You guys, it's been slow around these parts because I kind of lost the plot with my reading and nearly every book I've read in March isn't out until May or June. Obviously, I would be a jerk if I started reviewing things that weren't out for months--on a number of levels.
However! I have many links of interestingness, including a Very Special Section devoted to the one and only Justin Timberlake. I have had The 20/20 Experience on repeat since Tuesday and I am in love--especially with Pusher Love Girl, which is Swoon City, USA.
This Week's Video of Awesome
This is a fantastic speculative ad for Durex--it's brilliant and actually tells you want you need to know about the product.
Interestingness
Jane Goodall’s ‘Seeds of Hope’ book contains borrowed passages without attribution (Wash. Post)
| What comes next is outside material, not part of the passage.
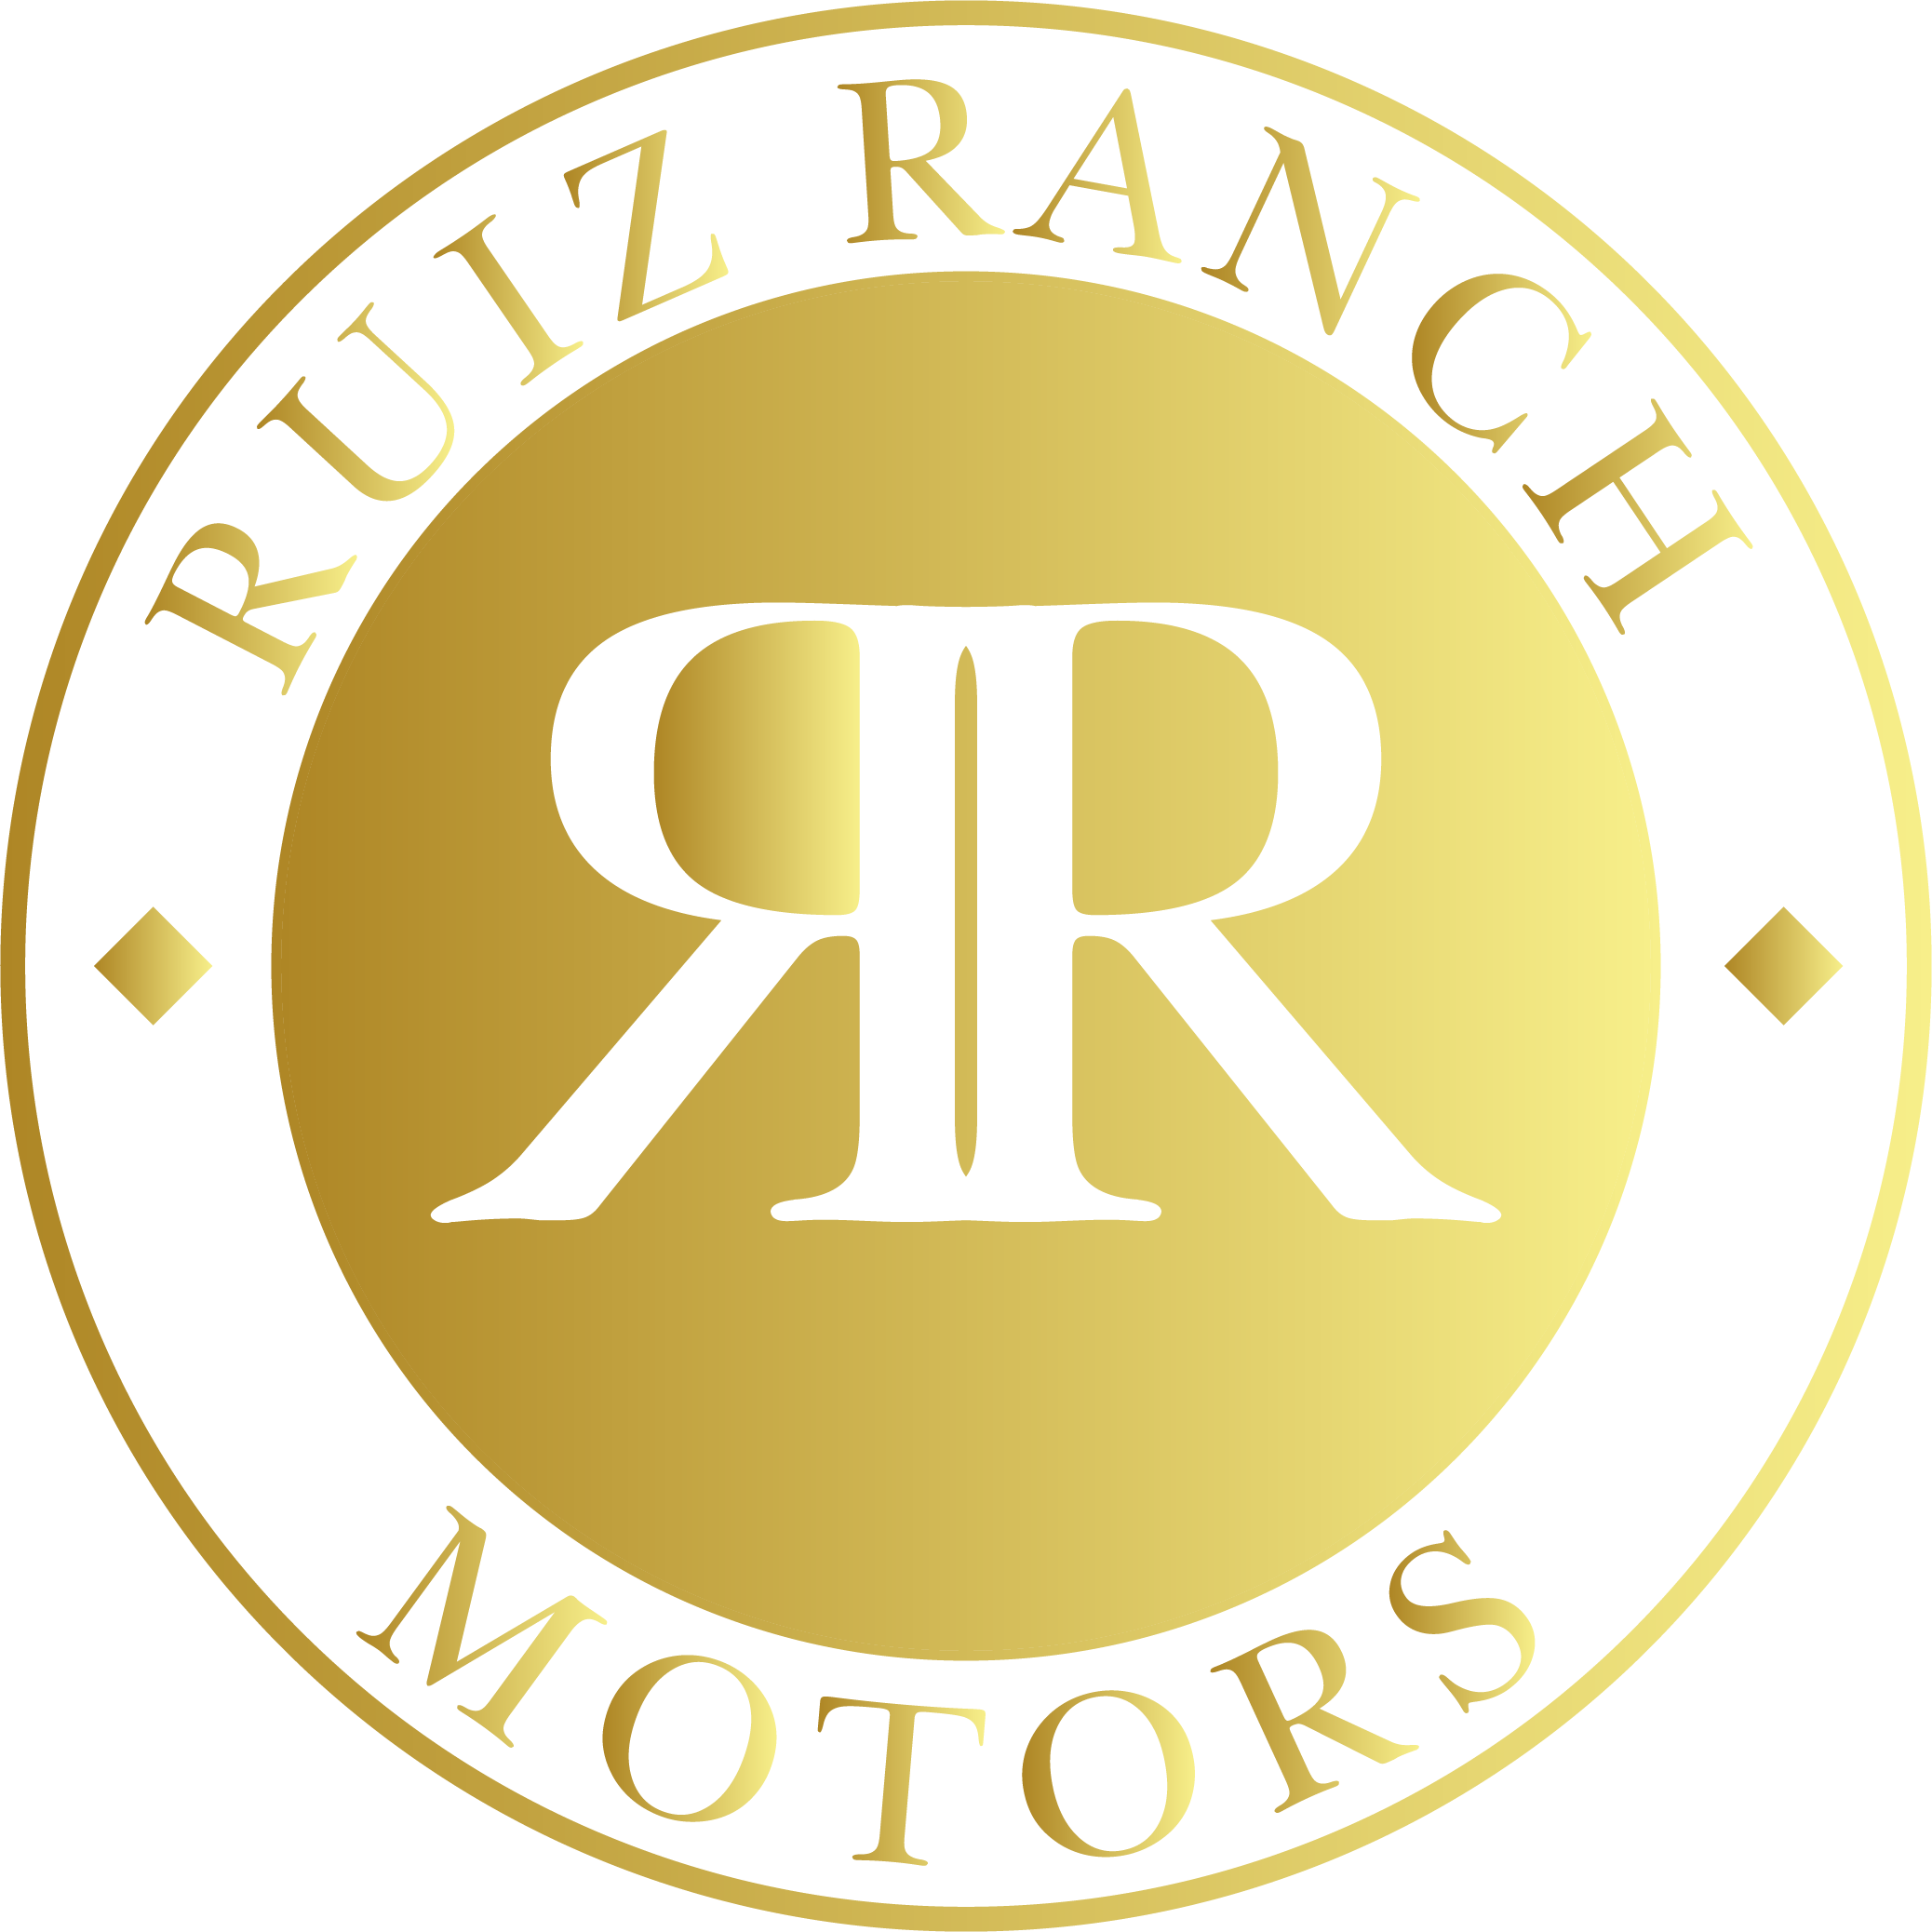 RUIZ RANCH MOTORS
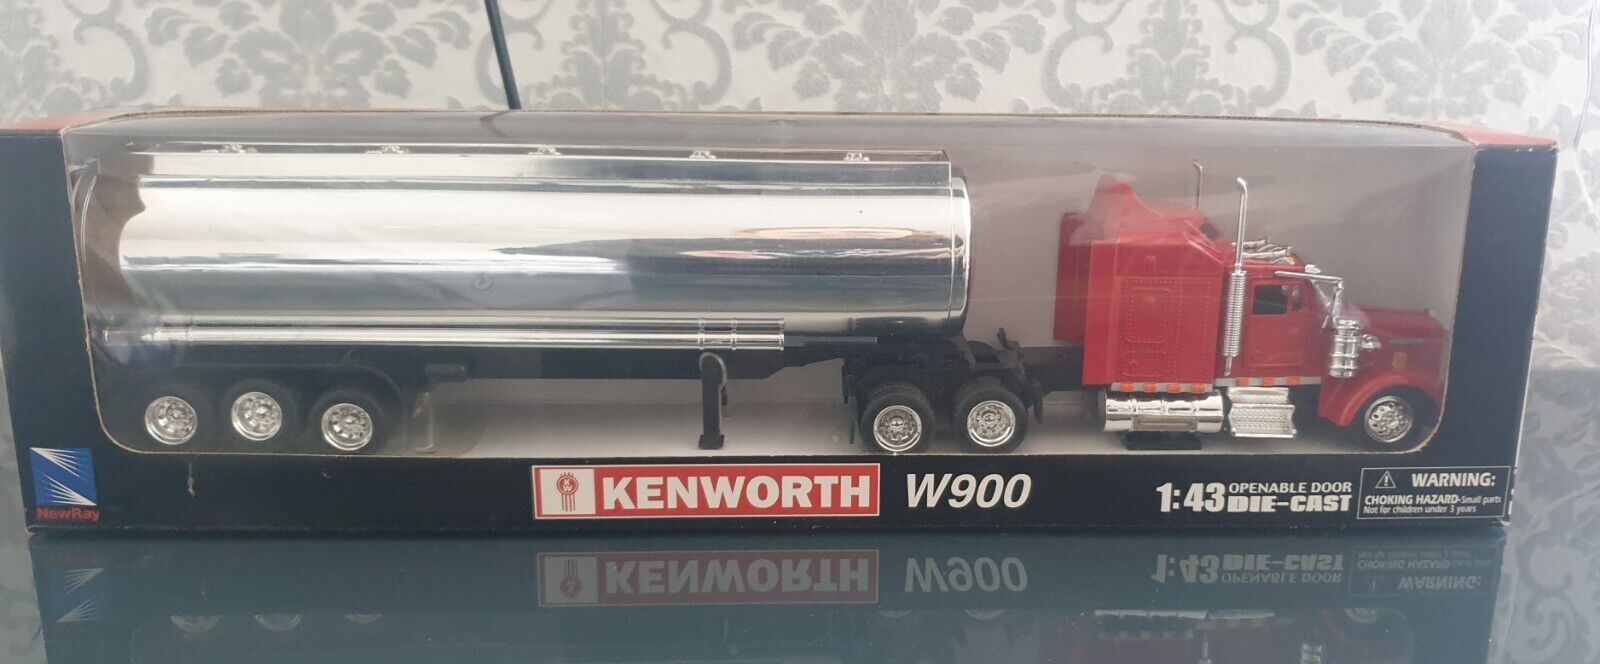 Kenworth W900 Tankwagen Sattelauflieger 143 Rot-Silber Neu

Jane Goodall, the primatologist celebrated for her meticulous studies of chimps in the wild, is releasing a book next month on the plant world that contains at least a dozen passages borrowed without attribution, or footnotes, from a variety of Web sites.The borrowings in “Seeds of Hope: Wisdom and Wonder From the World of Plants” range from phrases to an entire paragraph from Web sites such as Wikipedia and others that focus on astrology, tobacco, beer, nature and organic tea.
Well, this is disappointing news to say the least. I'm getting so weary of one plagiarism story after another. I realize there are so many pressures to publish, publish, publish, but it's at the point I'm no longer all that surprised by each week's plagiarism story. What worries me the most is the desensitizing--I have had a number of students in their 20s who have been surprised by my anti-plagiarism spiel because it's the first time they've had someone explicitly address the issue of plagiarism and what it precisely means.